The humans had learned the composition of
elements of their atmosphere and lithosphere and used this in order to better
oppress not only each other, but all the flora and fauna which had flourished
under our care. But even as they gained this knowledge, they undid themselves
mightily with the characteristic chauvinism of ignorance, that even as they
claimed this dominion, they should begin to foul their own nests, lining them
with fancy paper (or gold) and depositing their wastes willy-nilly beside them.
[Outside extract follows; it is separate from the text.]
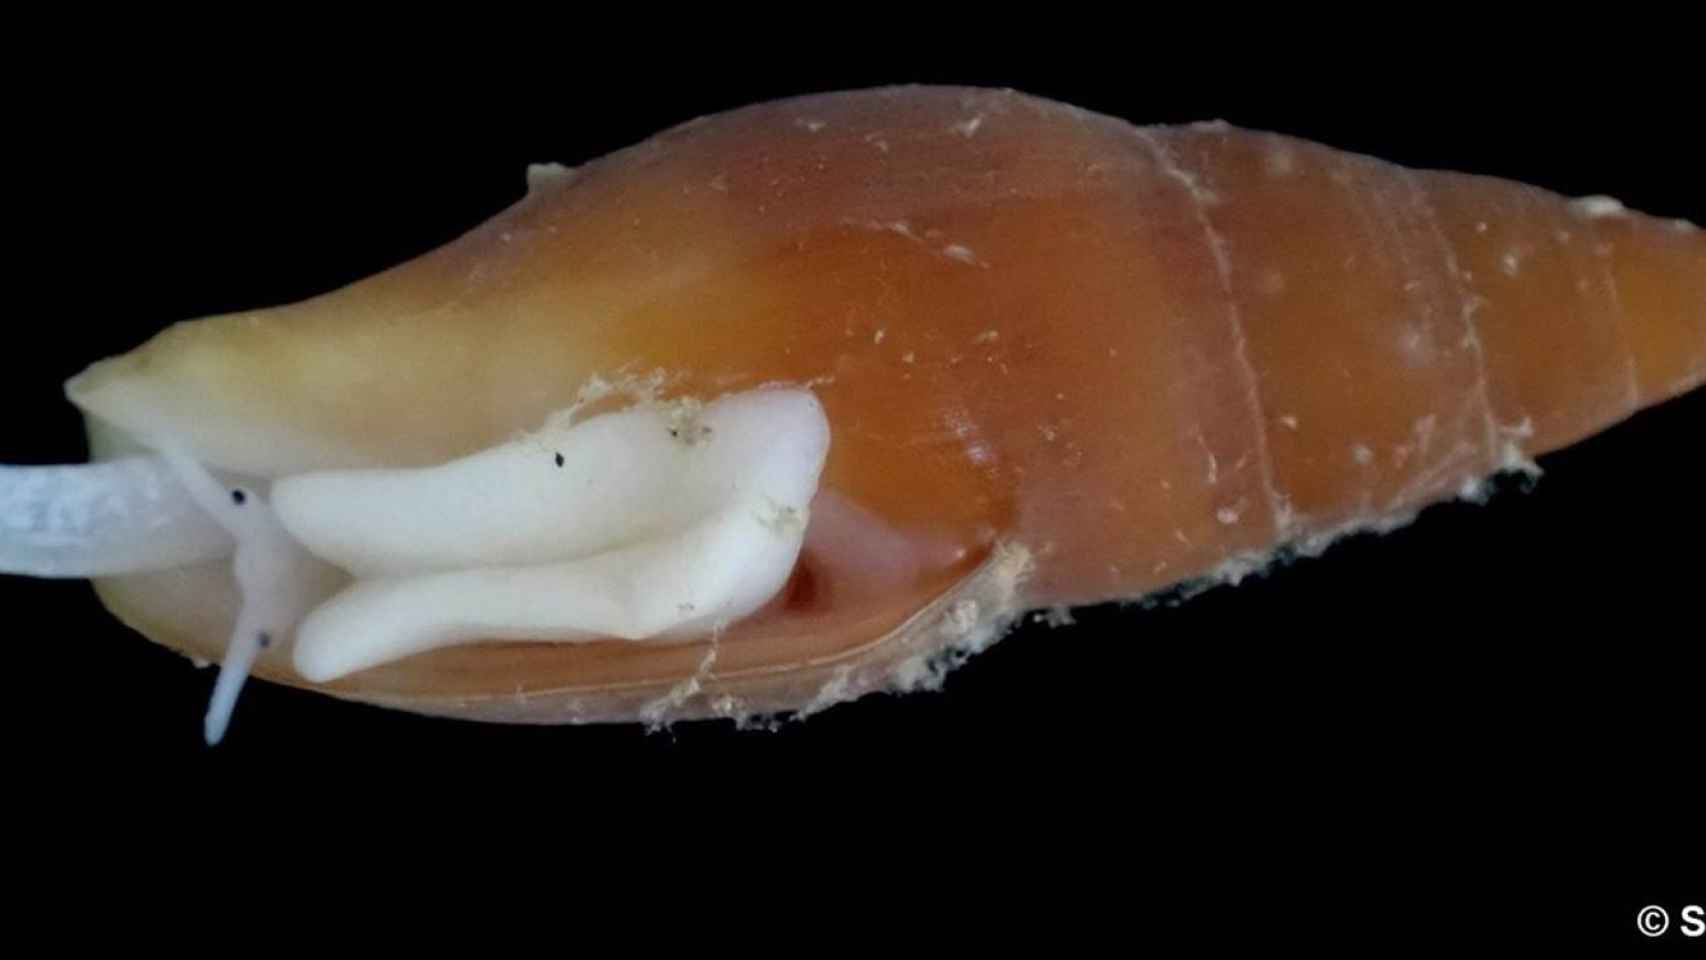 'Epistocomitra angelesae': así es la especie de molusco recién descubierta frente a la costa andaluza

It was most unseemly, that a race that believed themselves so grand could act
so outrageously, but we were never truly the shepherds of their condition—for
as we could tell, their “science” led them ever further astray by the day from
their original status as planetary stewards themselves. And above all it
claimed that simply we “did not exist!”
All the same. My job was to bring back the food
for the festival and not to quibble about what the Central Command considered
the propaganda value of this voyage.